Debt consolidation can reduce your loan amounts, but it could prevent you from getting the help that you really need.
I recently met with a potential mortgage client. This couple was trapped by one of those easy to overlook agreements found so often in troubled mortgages today. Their adjustable rate mortgage payment was about to go higher, and taxes were not included in the mortgage payment (or in their monthly budget). They were afraid they would lose their home any month. Well, they’re not alone in their situation, and coming to a mortgage professional for help was very wise. Unfortunately, they did something before coming to talk to me that hurt their FICO score and will prevent me (or anyone else) from being able to help them right now.
What did they do? They paid off their credit cards for less than the full amount owed. Why did they do that? Like many people today, they had turned to credit cards to pay their bills when they got behind. It’s not the best solution, but it’s common. The more unmanageable the credit card debt became, the more desperate they became for a quick solution. So, they turned to debt consolidation. Debt Consolidation is a tempting solution that’s better left alone. Yes, I know that you hear those radio commercials all the time, but it really is better for you to pay off your debts in full.
What is Debt Consolidation? Debt Consolidation Companies are companies that work with you and your creditors, making agreements for you to pay less than the full balance of the credit card. They are able to do this by telling the credit card companies that they should accept the lesser amount or risk nonpayment. Sounds good for you, doesn’t it? I’m sure that you heard the phrase that if it seems to be too good to be true then it probably is. In this case, it’s true.

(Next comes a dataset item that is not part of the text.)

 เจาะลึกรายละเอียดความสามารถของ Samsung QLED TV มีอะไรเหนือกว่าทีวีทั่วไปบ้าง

Debt Consolidation affects your FICO credit score. When a credit card company accepts the agreed upon payment, they report to the credit reporting agency that your account was “settled for less”. This is a negative mark on your credit. I have always told you that the more recent a negative entry on your credit report, the more it affects your credit score. Just think if you do this with multiple accounts and all the negative marks appear on your credit report. Where will your FICO score end up?

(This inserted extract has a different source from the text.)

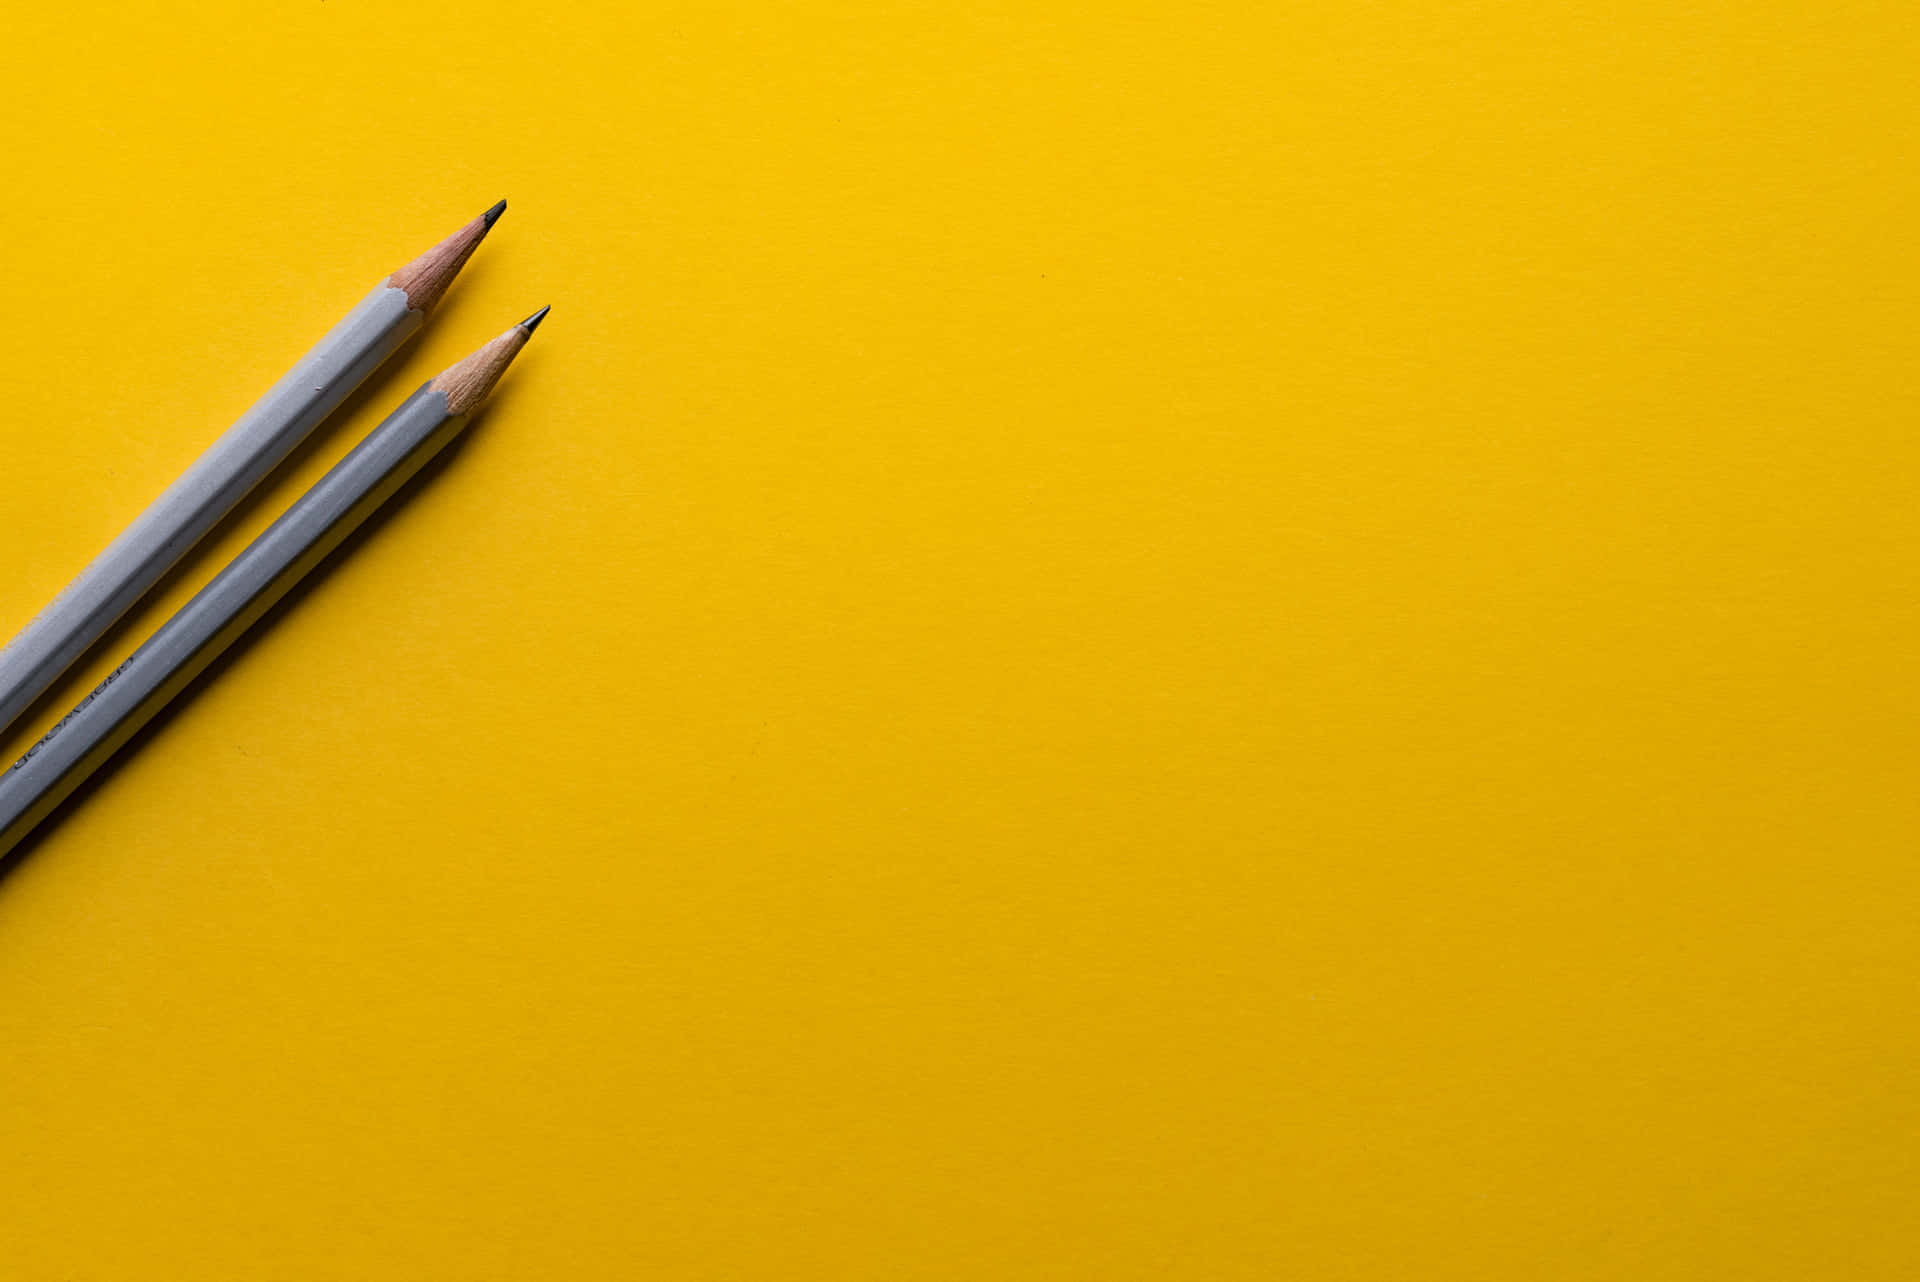 Zweigraue Bleistifte Auf Gelbem Tisch-hintergrund.

And to top all that off, you are paying the Debt Consolidation Company a fee to do this to your FICO score. Don’t forget that you need good credit to refinance an unmanageable mortgage, get your dream job, or lower interest rates that are draining your entire monthly budget.

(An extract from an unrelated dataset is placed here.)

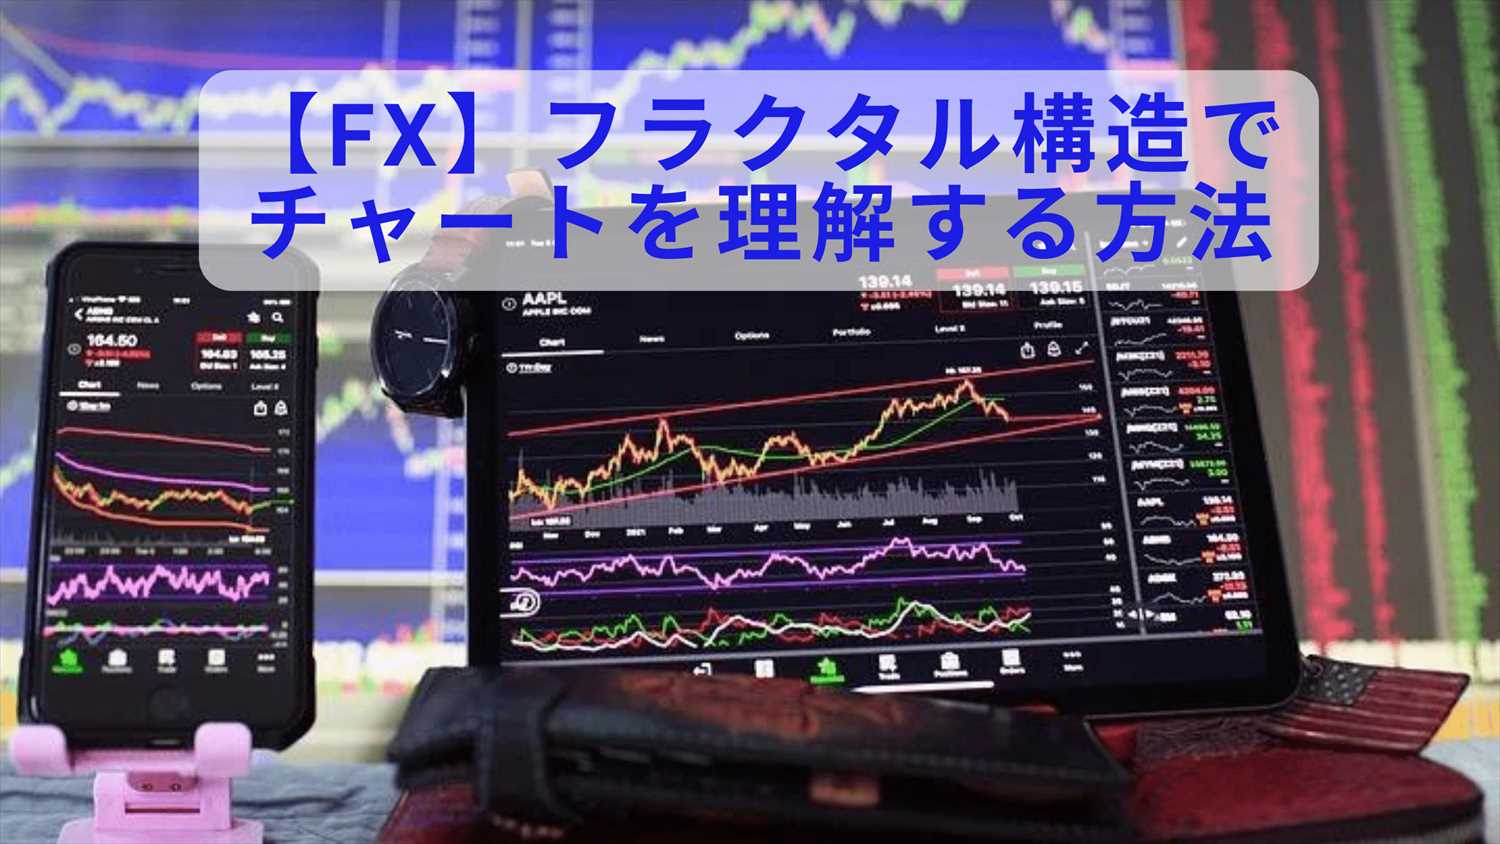 FX フラクタル構造でFXチャートを理解する方法

The better solution would be to go to a Debt Management Company. Debt Management Companies are usually non-profit companies that will look at your whole financial picture, give you counseling and educate you. You give the Debt management Company your monthly bill paying amount and then they distribute your money to the creditors to pay down your debt. This does NOT hurt your FICO score and is the better choice. Make sure you use a reputable company – do your homework.